Хемед горячо качает головой в знак полного понимания и решительного согласия, и вновь проскальзывает нечто лукавое из-под облака страха, которое слегка рассеялось. Удаляется в угол, и оттуда доносятся звуки изображаемого им паровоза. Поезд приближается, огибая всю площадь, натужно поднимается на склон, тяжело дыша, застопориваясь, давая предупредительные гудки. В момент, когда он ловит взгляд Таммуза, рука его шлет привет и Таммуз машет ему в ответ.

– Ты не сбросишь меня вниз! – кричит Хемед, не останавливая поезда.

– Почему нет? – удивляется Таммуз.

– Потому, что ты добрый!

– Ты окажешься внизу, как только начнешь… – повторяет Таммуз, но уже не с прежней решительностью, которая слабеет и тает вместе с лукавой улыбочкой, которую ему посылает Хемед между двумя ямочками на щеках. «И вправду, как я смогу такое сделать?» – спрашивает себя Таммуз и видит в Хемеде самого себя, как в неком волшебном зеркале, отражающем прошлое. Таким он был, и такой была его судьба в те давние дни, когда был мальчиком семи-восьми лет, без дома, приживалой у старика, ребе Акивы Рабана, которого в квартале называли «Красноухий торговец вразнос», потом жил у доктора Ландау, а какое-то время даже в подвале дома дяди отца по кличке «Долгожитель». Особенно мрачной была жизнь в доме у «Красноухого». О каких играх могла идти речь, если даже уроки он не мог там выполнять. Стол всегда был завален тарелками, стаканами, ножами и вилками, бутылочками с лекарствами, особенно глазными каплями, и он с трудом очищал себе уголок, чтобы положить книгу или тетрадь, заняться чтением или письмом. И то лишь тогда, когда старика со старухой не было дома. Слыша издалека их приближение, он торопился спрятать книги и тетради под стол. Однажды забыл тетрадь на столе и, вернувшись, обнаружил на ней бутылку с подсолнечным маслом. На следующий день учительница размахивала его тетрадкой перед всем классом, показывая отвратительное масляное пятно, как пример неряшливого ученика и, к тому же, лентяя. Старик с трудом держался на ногах, а у старухи один глаз был вовсе слеп, на другом – бельмо, и не было с кого что-либо требовать. Он должен был им быть благодарен за то, что согласились его приютить, несмотря на все трудности и заботы, которые он прибавлял к их и так нелегкой жизни.

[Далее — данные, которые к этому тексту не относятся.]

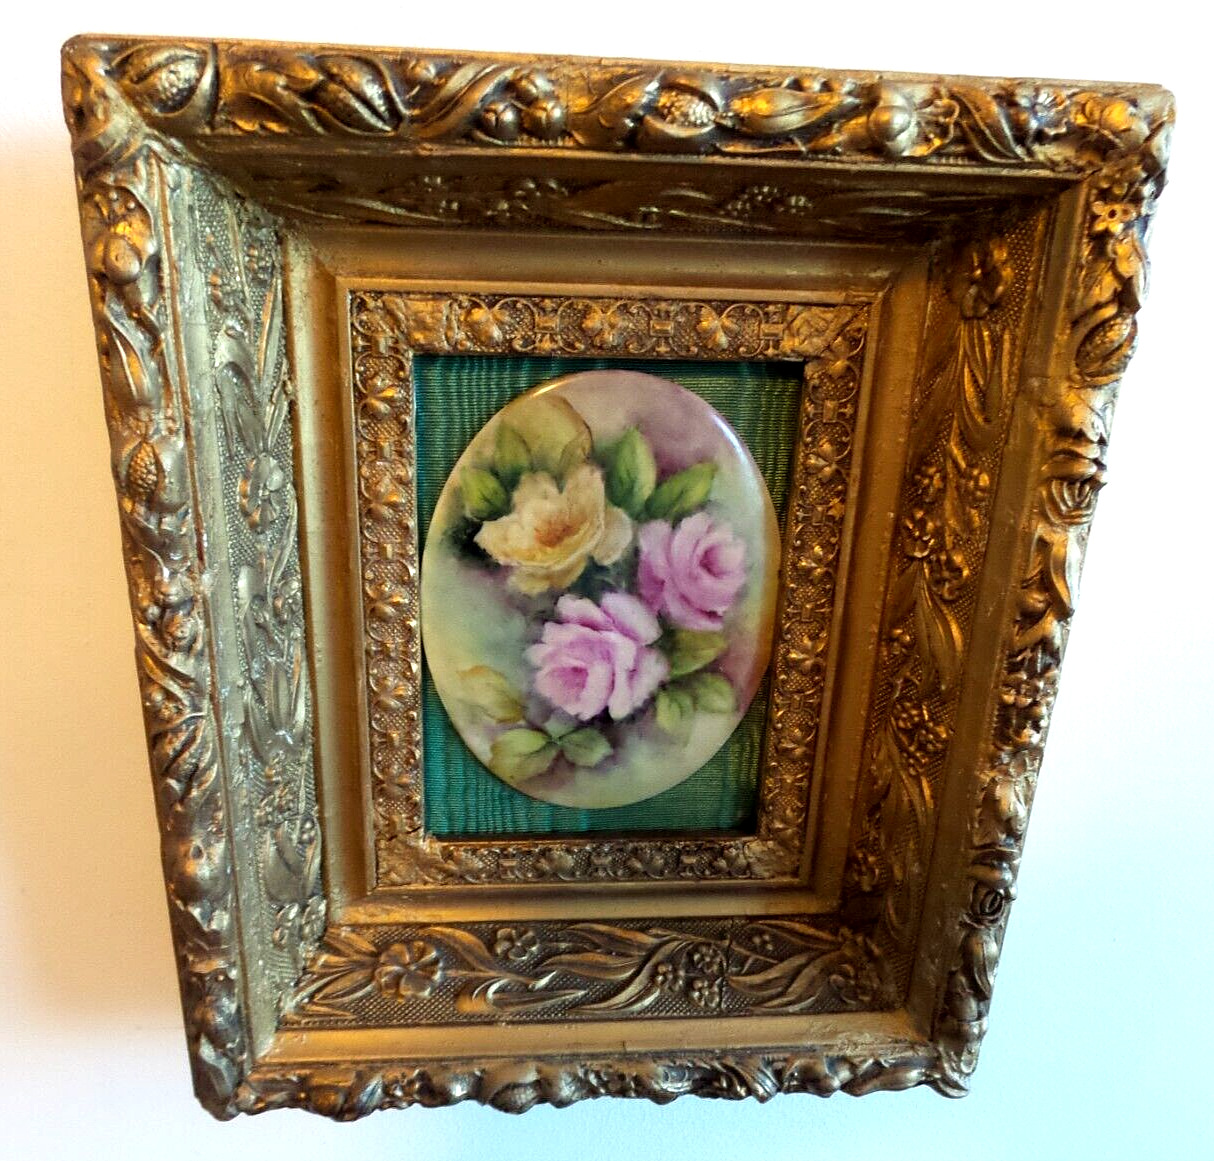 ANTIQUE WOOD GOLD GILT GESSO FRAME WITH HANDPAINTED TILE ROSES

Ужасный запах продолжает годами преследовать его – запах мха и сырости на стенах, старческой одежды, заплесневевших остатков еды, смешанный с запахом лекарств и копоти керосиновой лампы, вонью селедки, туалета и ночных горшков. У доктора Ландау, наоборот, он боялся замарать прикосновением руки предназначенный ему столик, привнести в постельное белье запахи дома «Красноухого», который не выветривался из ноздрей, стеснялся дыр в носках и латок на брюках. Одно лишь оставалось постоянным – чувство благодарности хозяевам. Как это случилось, и чем заслужил он, маленький грязнуля, быть принятым в доме доктора Ландау с такой радостью и симпатией?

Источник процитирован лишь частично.